Low back pain is well documented to be an extremely common health problem ; however, its burden is often considered trivial . Low back pain is the leading cause of activity limitation and work absence throughout much of the world , and it causes an enormous economic burden on individuals, families, communities, industry and governments . Until 10 years ago, it was largely thought of as a problem confined to Western countries ; however, since that time an increasing amount of research has demonstrated that low back pain is also a major problem in low- and middle-income countries .
As part of the GBD 2005, the study’s Musculoskeletal Expert Group was given the task of estimating the global burden of low back pain. Epidemiological parameters such as prevalence, incidence and remission are important in the estimation of low back pain burden. In a previous article, we described the processes we undertook to derive a case definition of low back pain and a set of discrete health states to describe the severity levels and disabling consequences of low back pain . In this article, we briefly present a summary of data we have gathered for estimating the global burden of low back pain for GBD 2005 together with an overview of the low back pain epidemiological literature.
We performed systematic reviews to determine the incidence, remission and prevalence of low back pain throughout the world. For each of these reviews, we searched Ovid Medline, Embase, Cinahl, CAB abstracts, WHOLIS and SIGLE databases from 1980 to 2009 inclusive. We developed a new tool to assess the risk of bias of the included studies . This tool was modified from an existing checklist developed by Leboeuf-Yde and Lauritsen to assess the methodological quality of epidemiological surveys reporting on the prevalence of low back pain .
Incidence
Estimating the incidence of low back pain is problematic as the cumulative incidence of first-ever episodes of low back pain is already high by early adulthood and symptoms tend to recur over time . In addition, longitudinal studies, which measure incidence, are more expensive than cross-sectional studies, which measure prevalence. As a result, there is a significant amount of literature on the prevalence of low back pain, but much less information on low back pain incidence and remission.

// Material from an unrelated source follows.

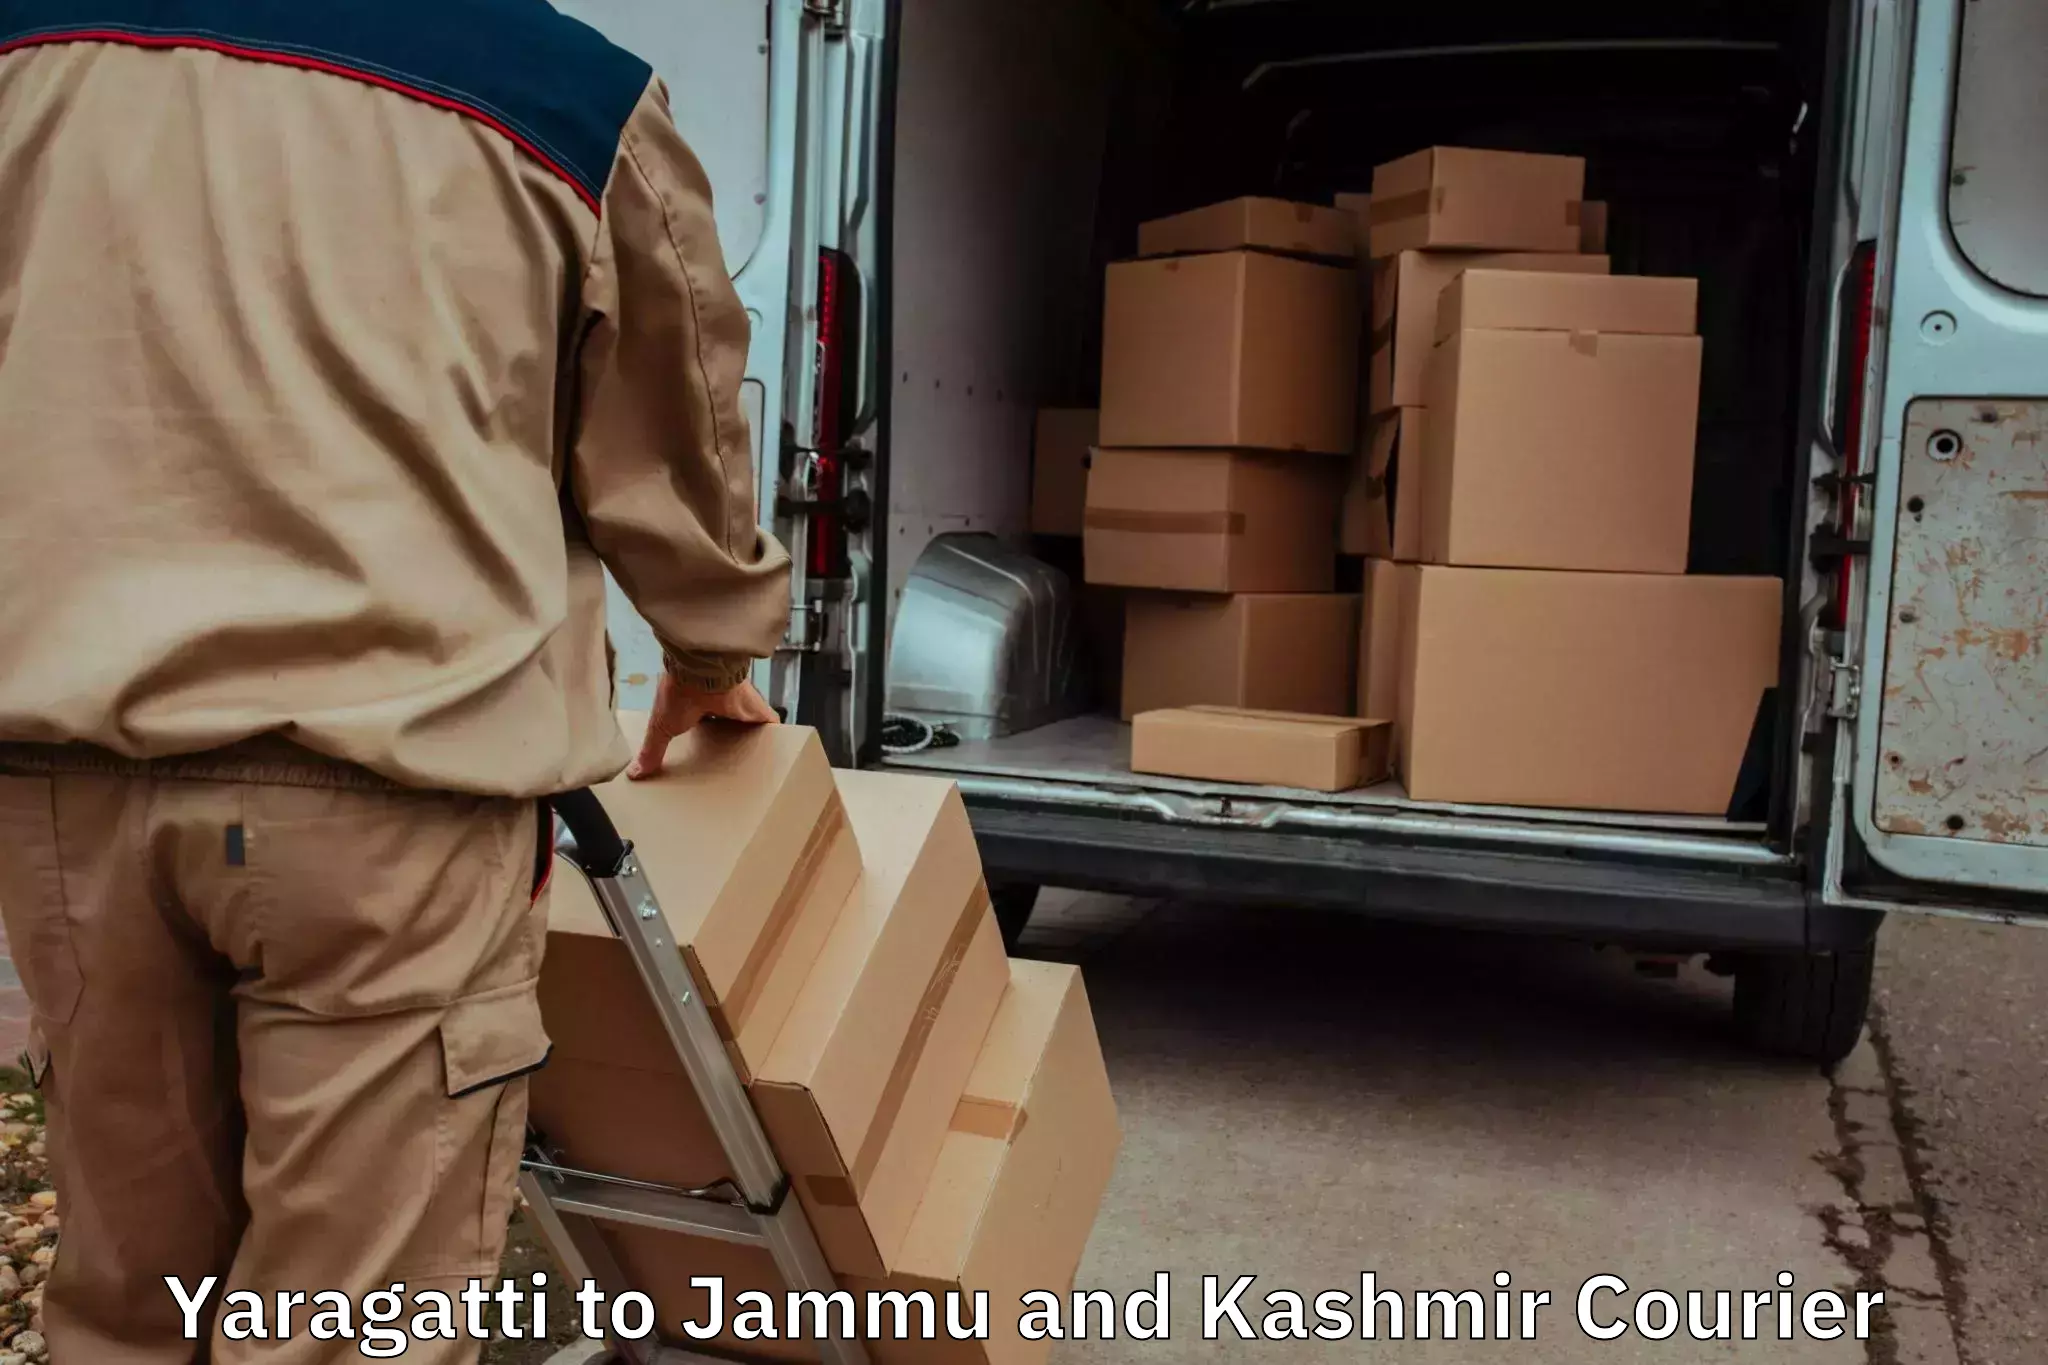 Seamless moving process Yaragatti to IIT Jammu

In our systematic review of incidence, 12 studies met the inclusion criteria and underwent data extraction. Of these, four were considered to have a low risk of bias , four a moderate risk of bias and four a high risk of bias . Case definitions varied between these studies. Most measured pain in the ‘low back’ and three studied the ‘back’ . Most did not specify a minimum episode duration that was required for a case to be counted; four required a minimum episode duration of 1 day and one study required a period of 6 months .
Incidence was most commonly measured over 1 year. Other follow-up periods included 6 months , 2 years , 3 years and 5 years . Four of the studies limited their focus to first-ever episodes of low back pain , while the remainder of studies measure all episodes (i.e., first-ever and recurrent). All of the studies counted the number of people with an episode of low back pain as opposed to the number of episodes. The 1 year incidence of people who have a first-ever episode of low back pain ranged from 6.3% to 15.4%, and the 1 year incidence of people who have any episode of low back pain (i.e., first-ever or recurrent) ranged from 1.5% to 36% ( Table 1 ). As these studies did not include repeat episodes in the period of interest, they are likely to underestimate episode incidence.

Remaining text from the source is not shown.